Exercise description: In the data below, find the line containing "Tag der Architektur 2022 FFM-ARCHITEKTEN", then set down that line and every later line up to and including the line containing "اوروژنز پالئوپروتروزوییک در", exactly.

______________________________

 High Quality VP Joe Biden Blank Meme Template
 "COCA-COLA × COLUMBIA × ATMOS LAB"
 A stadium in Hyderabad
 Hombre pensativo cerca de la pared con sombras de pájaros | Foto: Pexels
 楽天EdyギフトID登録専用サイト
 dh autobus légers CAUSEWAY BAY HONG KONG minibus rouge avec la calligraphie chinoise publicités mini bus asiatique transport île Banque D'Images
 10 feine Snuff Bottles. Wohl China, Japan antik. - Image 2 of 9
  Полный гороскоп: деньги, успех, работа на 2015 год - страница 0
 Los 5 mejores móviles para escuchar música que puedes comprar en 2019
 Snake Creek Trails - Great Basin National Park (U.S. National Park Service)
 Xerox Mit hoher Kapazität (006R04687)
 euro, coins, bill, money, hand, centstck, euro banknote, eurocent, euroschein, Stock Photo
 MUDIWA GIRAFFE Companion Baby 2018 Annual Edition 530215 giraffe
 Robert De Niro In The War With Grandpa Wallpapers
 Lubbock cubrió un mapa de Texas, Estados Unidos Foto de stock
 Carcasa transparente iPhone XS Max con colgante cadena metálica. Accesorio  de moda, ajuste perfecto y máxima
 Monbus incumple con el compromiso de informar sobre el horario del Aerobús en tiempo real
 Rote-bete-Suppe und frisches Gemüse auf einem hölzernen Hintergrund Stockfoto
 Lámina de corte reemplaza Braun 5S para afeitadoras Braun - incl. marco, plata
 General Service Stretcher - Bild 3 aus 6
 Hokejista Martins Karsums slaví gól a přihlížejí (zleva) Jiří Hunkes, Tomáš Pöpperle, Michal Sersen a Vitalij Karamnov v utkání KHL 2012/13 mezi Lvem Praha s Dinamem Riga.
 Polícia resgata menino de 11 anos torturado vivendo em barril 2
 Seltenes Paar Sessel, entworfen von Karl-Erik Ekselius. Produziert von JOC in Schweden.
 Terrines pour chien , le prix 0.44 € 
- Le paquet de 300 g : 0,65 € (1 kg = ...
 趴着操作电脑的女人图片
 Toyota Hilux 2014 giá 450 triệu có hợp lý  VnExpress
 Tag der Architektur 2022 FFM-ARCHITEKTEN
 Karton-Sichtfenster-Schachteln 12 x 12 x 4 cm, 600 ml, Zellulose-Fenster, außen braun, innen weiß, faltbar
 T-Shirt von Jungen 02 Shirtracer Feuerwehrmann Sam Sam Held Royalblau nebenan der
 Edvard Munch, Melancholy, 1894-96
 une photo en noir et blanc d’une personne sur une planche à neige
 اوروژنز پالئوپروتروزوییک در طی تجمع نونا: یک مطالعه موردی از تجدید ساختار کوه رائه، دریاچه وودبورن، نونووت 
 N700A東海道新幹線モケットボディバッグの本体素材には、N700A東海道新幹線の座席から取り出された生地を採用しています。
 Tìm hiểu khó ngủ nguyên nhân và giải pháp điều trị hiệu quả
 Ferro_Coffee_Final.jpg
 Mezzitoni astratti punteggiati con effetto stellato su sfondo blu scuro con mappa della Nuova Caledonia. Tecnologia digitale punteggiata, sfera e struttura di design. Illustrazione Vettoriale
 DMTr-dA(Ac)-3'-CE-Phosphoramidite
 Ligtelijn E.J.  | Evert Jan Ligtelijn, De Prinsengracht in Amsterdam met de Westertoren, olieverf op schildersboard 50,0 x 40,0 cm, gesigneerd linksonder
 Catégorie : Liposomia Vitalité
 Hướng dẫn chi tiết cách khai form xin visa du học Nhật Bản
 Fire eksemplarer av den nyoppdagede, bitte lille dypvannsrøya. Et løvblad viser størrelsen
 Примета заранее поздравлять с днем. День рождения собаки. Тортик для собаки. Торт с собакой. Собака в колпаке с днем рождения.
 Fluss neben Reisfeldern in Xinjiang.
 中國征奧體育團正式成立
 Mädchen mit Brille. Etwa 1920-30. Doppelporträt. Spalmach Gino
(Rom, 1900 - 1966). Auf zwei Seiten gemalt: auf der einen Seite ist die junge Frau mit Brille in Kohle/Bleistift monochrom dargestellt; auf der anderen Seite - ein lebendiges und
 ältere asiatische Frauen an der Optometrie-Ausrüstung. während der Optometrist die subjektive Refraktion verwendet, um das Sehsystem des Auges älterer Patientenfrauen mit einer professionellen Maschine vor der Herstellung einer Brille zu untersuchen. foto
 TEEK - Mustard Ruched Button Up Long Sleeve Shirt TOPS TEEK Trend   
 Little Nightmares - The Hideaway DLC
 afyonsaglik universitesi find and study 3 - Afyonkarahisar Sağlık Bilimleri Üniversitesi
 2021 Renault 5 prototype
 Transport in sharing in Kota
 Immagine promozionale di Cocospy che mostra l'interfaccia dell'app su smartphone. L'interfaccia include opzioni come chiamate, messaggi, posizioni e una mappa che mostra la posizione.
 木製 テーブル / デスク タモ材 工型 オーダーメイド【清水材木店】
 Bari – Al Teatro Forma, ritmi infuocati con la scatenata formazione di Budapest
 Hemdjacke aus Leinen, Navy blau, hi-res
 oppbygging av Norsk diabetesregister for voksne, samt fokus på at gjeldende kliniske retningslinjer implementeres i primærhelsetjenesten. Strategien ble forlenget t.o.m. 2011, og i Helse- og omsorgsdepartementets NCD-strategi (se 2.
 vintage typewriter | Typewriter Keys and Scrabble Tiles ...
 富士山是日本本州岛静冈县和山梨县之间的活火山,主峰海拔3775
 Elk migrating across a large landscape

______________________________

Answer below:
 Tag der Architektur 2022 FFM-ARCHITEKTEN
 Karton-Sichtfenster-Schachteln 12 x 12 x 4 cm, 600 ml, Zellulose-Fenster, außen braun, innen weiß, faltbar
 T-Shirt von Jungen 02 Shirtracer Feuerwehrmann Sam Sam Held Royalblau nebenan der
 Edvard Munch, Melancholy, 1894-96
 une photo en noir et blanc d’une personne sur une planche à neige
 اوروژنز پالئوپروتروزوییک در طی تجمع نونا: یک مطالعه موردی از تجدید ساختار کوه رائه، دریاچه وودبورن، نونووت 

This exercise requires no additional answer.